I’ve noticed a change in how I see my friendships.
During the past year I’ve been gravitating more and more towards relationships with positive vibes. The harder my life has gotten, the more I am and want to be grateful for even the tiniest positive things in my life. Of course I complain when shitty stuff happens. But after I get the rant off my chest, I’m free. Free to enjoy walks in crispy autumn forest. To have a cup of tea with a friend. To follow the antics of my hamster while she redecorates her “apartment”. To cuddle with my boyfriend.
I don’t want to be a source of negative energy. I don’t dwell in the past – the mistakes, the failures, the misery. If someone does me wrong, I don’t turn the other cheek, I defend myself, but I also don’t let the negative define me. I move on. I focus on things I can actually affect. There’s no point in cursing a rainy day forever. Put on some waterproof clothes for chrissake, or stay indoors and make yourself a cuppa of hot chocolate with marshmellows. The sun won’t start shining even if you throw a temper tantrum. Life won’t get better by holding a two-year pity party. Deal with it. And try to have some fun in your life if that’s in any way possible.
A person who does nothing but project negativity around and focuses on everything that is wrong and bad about the world isn’t a person I want to spend my time with. My mental health and time is too valuable for that. Life is simply too short.
A disclaimer: I’ve suffered from depression. I know the blackness, the emptiness, the encompassing dark hole of desperation it surrounds you with. It’s hard – sometimes seemingly impossible – to dig yourself out of that hole. You can’t fight depression with just your force of will. Or if you can, kudos to you. I couldn’t.
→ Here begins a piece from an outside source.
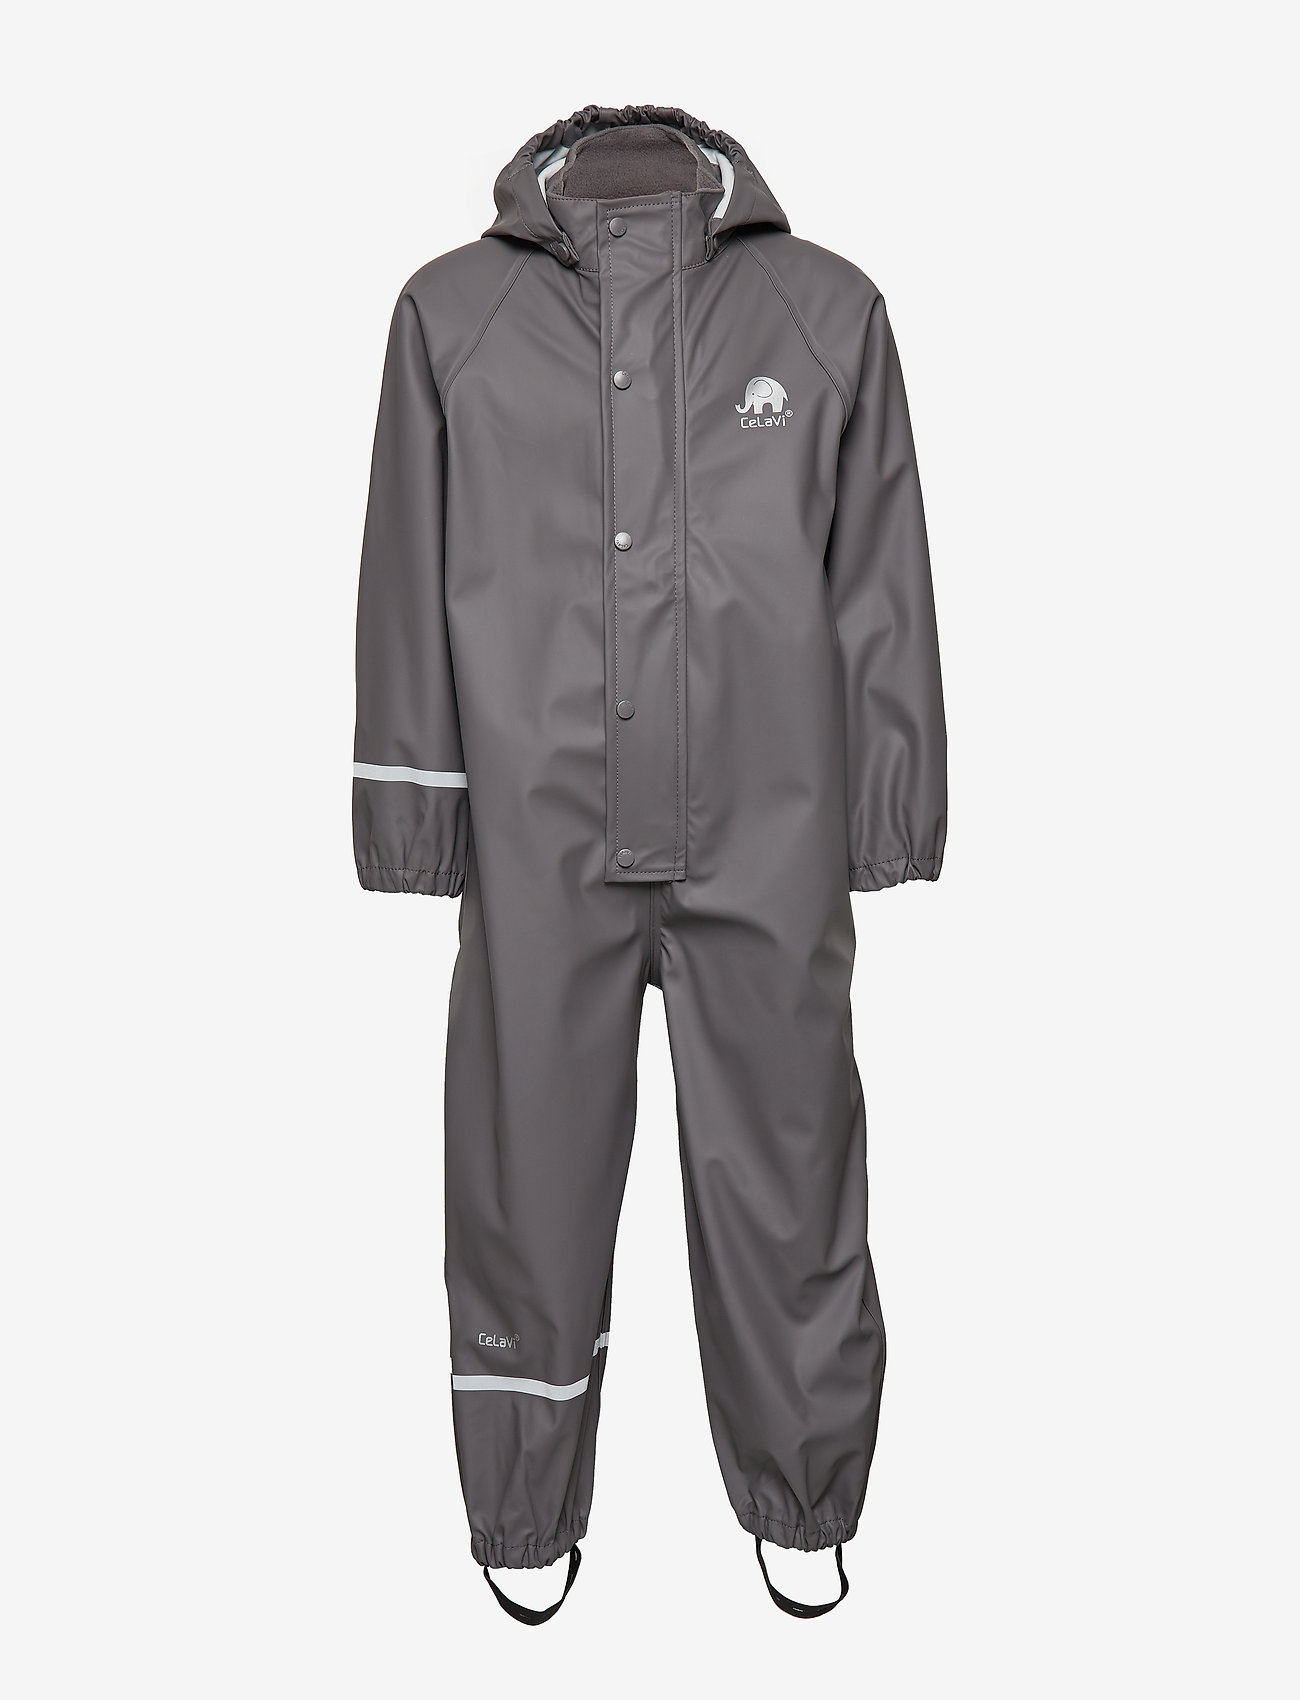 CeLaVi - Rainwear suit -Solid PU - rainwear coveralls - grey - 1
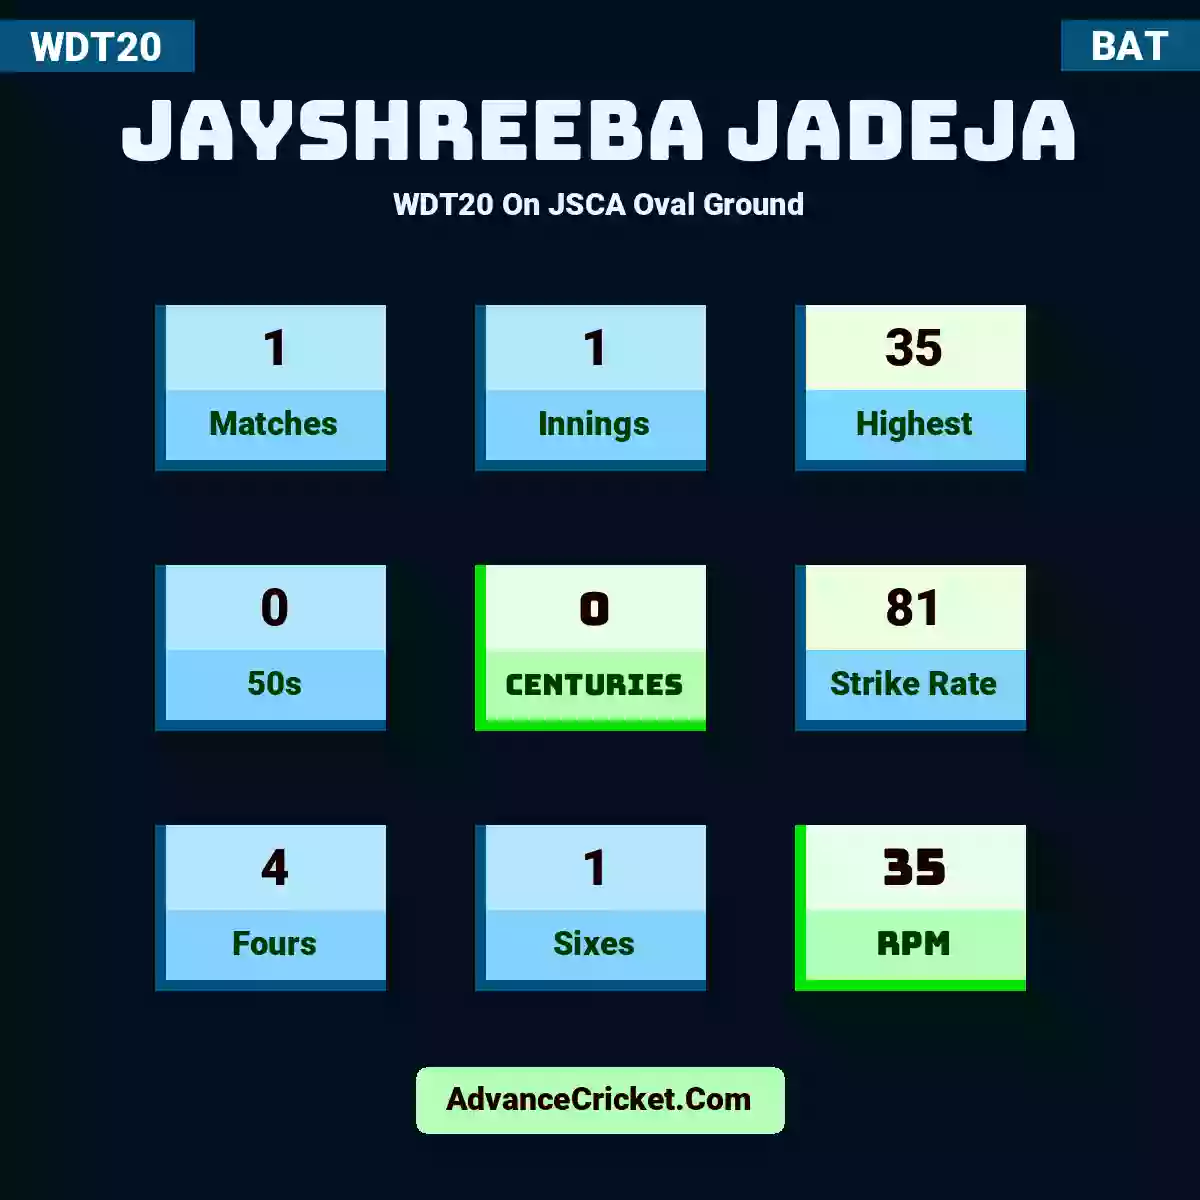 Jayshreeba Jadeja WDT20  On JSCA Oval Ground, Jayshreeba Jadeja played 1 matches, scored 35 runs as highest, 0 half-centuries, and 0 centuries, with a strike rate of 81. J.Jadeja hit 4 fours and 1 sixes, with an RPM of 35.

I needed medication, therapy, time, the support of my family and friends, and still more time. I’m not talking about that kind of negativity here. But the sort you make up yourself. Do you want to see the failures of the past or the opportunities of the future? You can decide how you see and interpret the things around you. That is, if you have a functioning neural network in your brain, the appropriate combination of transmitter substances and a free will. Borgs (do you even Star Trek?) and people possessed by mind-controlling slugs out to conquer the world are excluded.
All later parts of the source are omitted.